Despite its complexity, the organs of the human body are composed of only four basic tissue types: epithelial, connective, muscular, and nervous tissues. Each tissue is an assemblage of similarly specialized cells united in performing a specific function. The basic tissues, each containing extracellular matrix (ECM) as well as cells, associate with one another in the variable proportions and morphologies characteristic of each organ. The main features of the basic tissue types are summarized in Table 4–1.

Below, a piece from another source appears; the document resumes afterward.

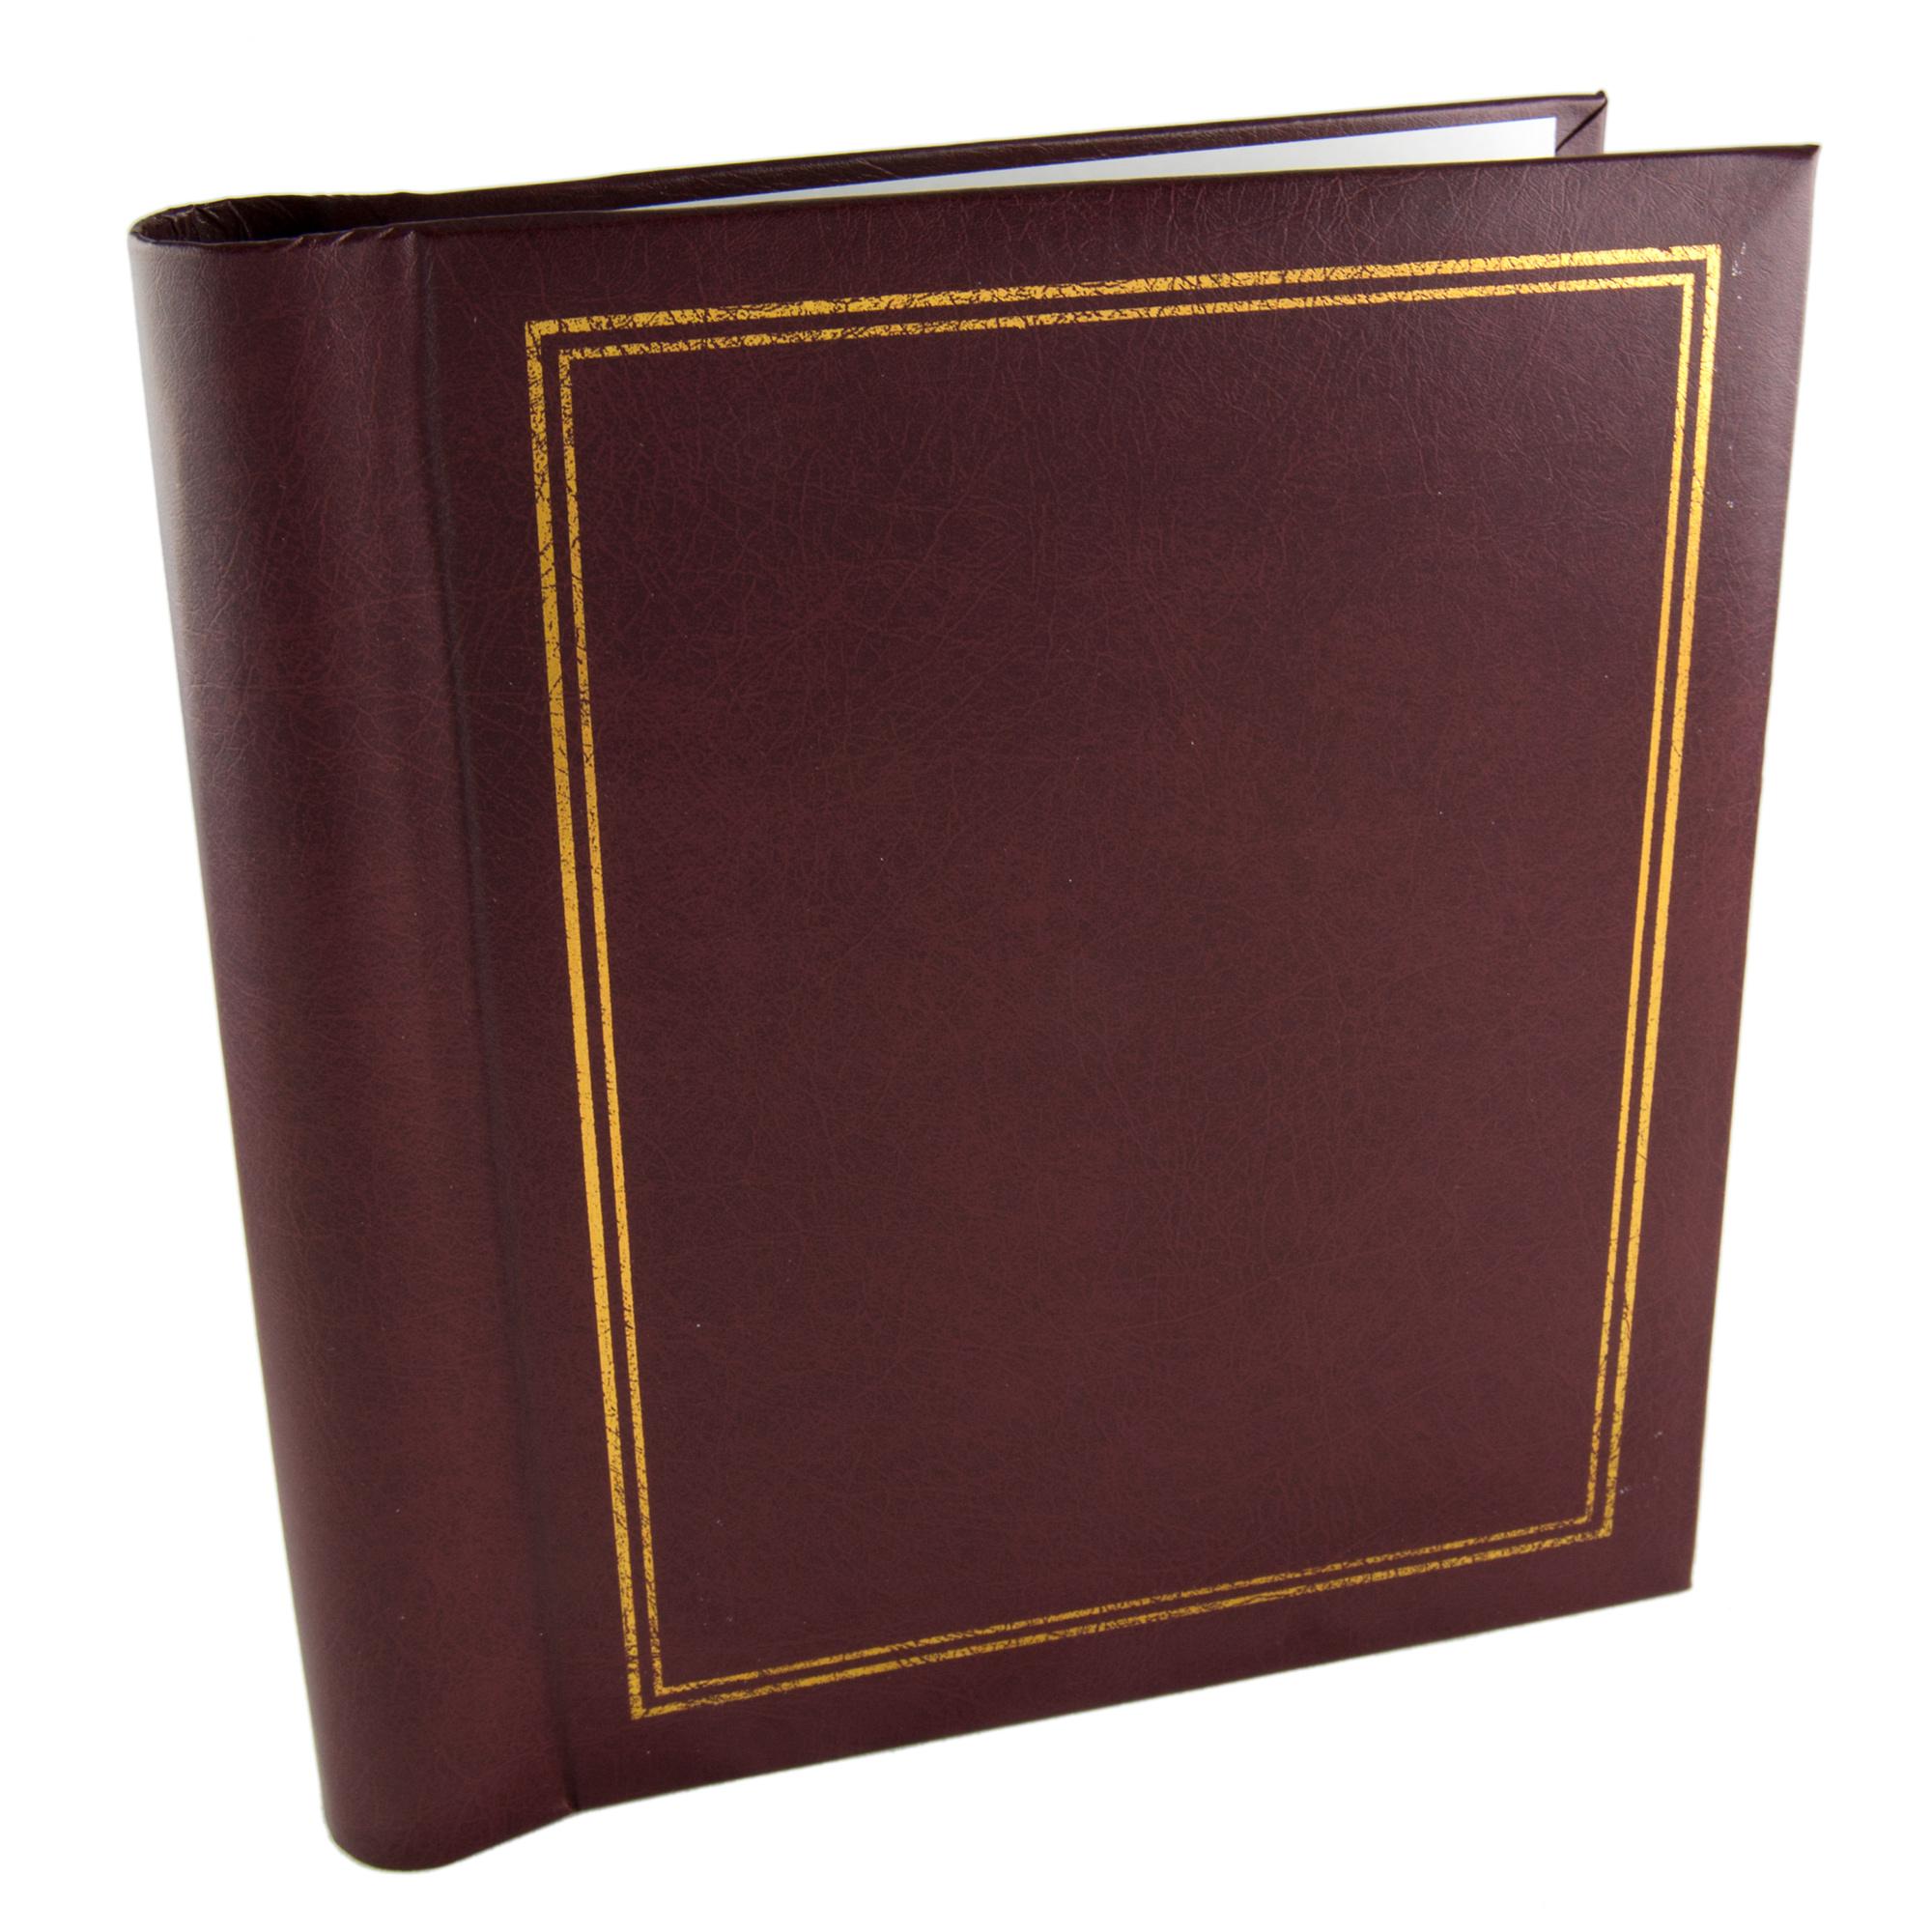 Фотоальбом Platinum Однотонный, магнитный, 30 листов, 20 x 26 см30 листов 9820-30V Однотонные (3М1417)Фотоальбом на 30 магнитных листов, размер 23 х 28 см.

TABLE 4–1Main characteristics of the four basic types of tissues. ||Download (.pdf) TABLE 4–1 Main characteristics of the four basic types of tissues.

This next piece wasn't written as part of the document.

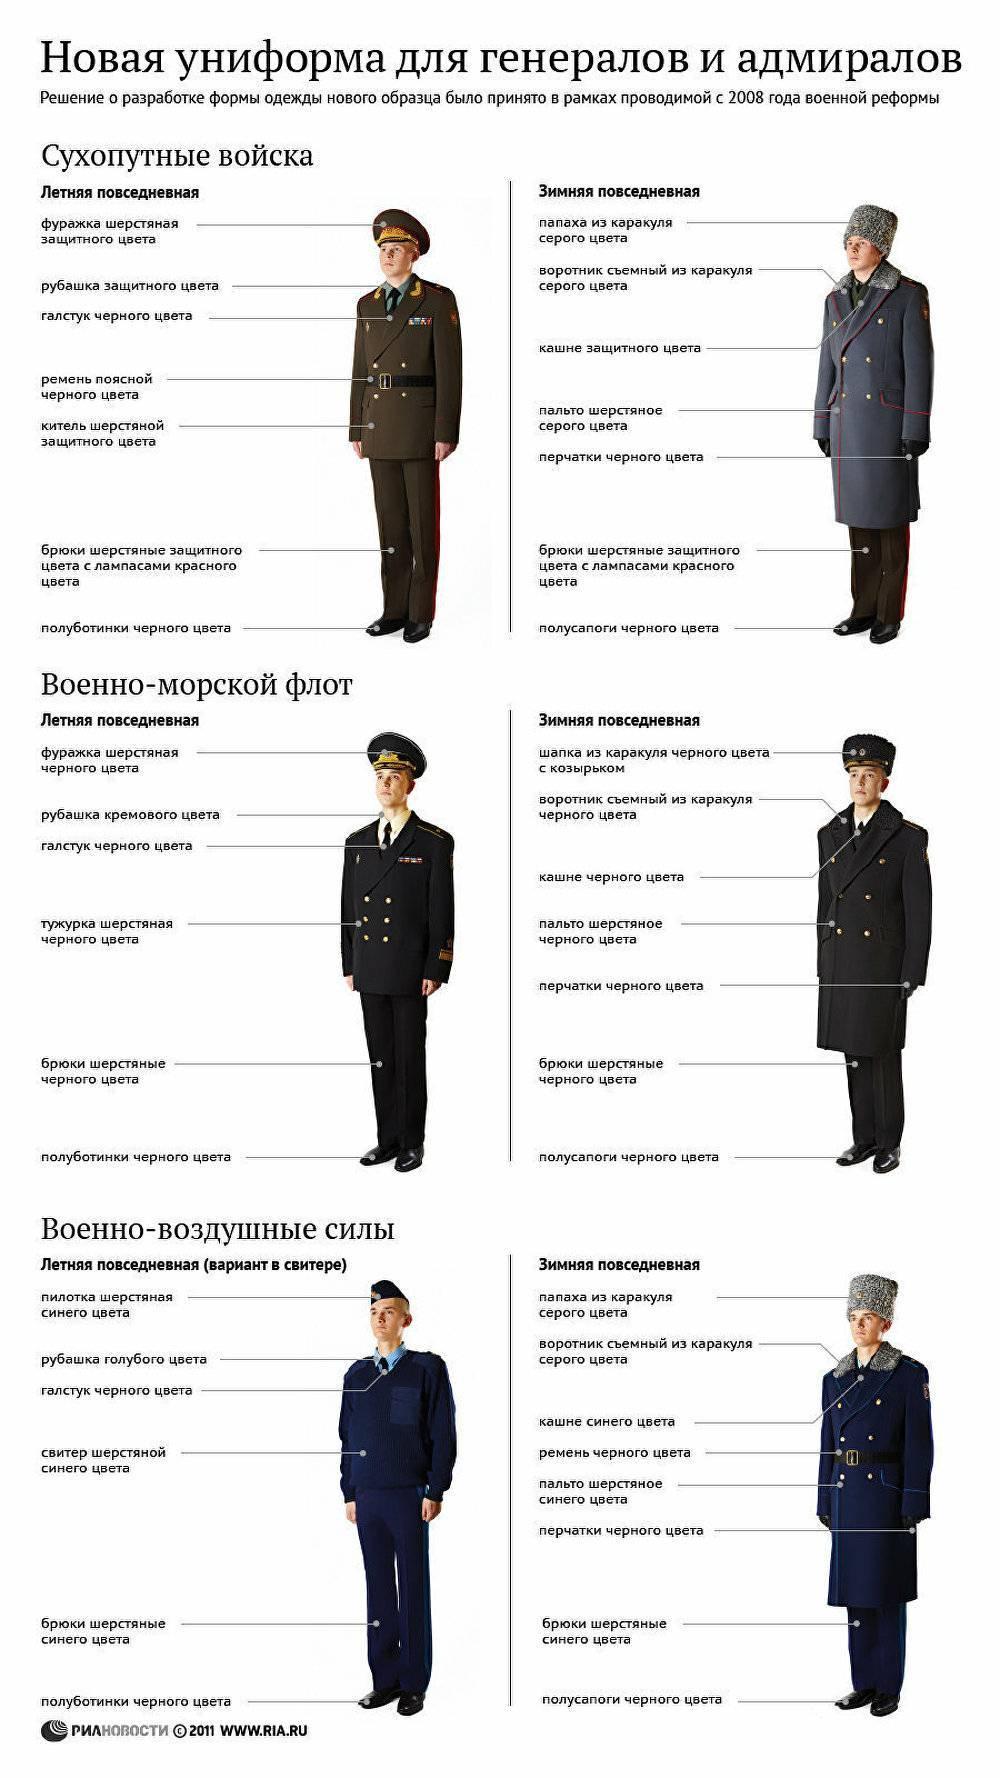 Список должностей в полиции — список для мужчин

|Tissue ||Cells ||Extracellular Matrix ||Main Functions |
|Epithelial ||Aggregated polyhedral cells ||Small amount ||Lining of surface or body cavities; glandular secretion |
|Connective ||Several types of fixed and wandering cells ||Abundant amount ||Support and protection of tissues/organs |
|Muscle ||Elongated contractile cells ||Moderate amount ||Strong contraction; body movements |
|Nervous ||Elongated cells with extremely fine processes ||Very small amount ||Transmission of nerve impulses |
Connective tissue is characterized by cells producing very abundant ECM; muscle tissue is composed of elongated cells specialized for contraction and movement; and nervous tissue is composed of cells with long, fine processes specialized to receive, generate, and transmit nerve impulses. Most organs can be divided into the parenchyma, which is composed of the cells responsible for the organ’s specialized functions, and the stroma, the cells of which have a supporting role in the organ. Except in the brain and spinal cord, the stroma is always connective tissue.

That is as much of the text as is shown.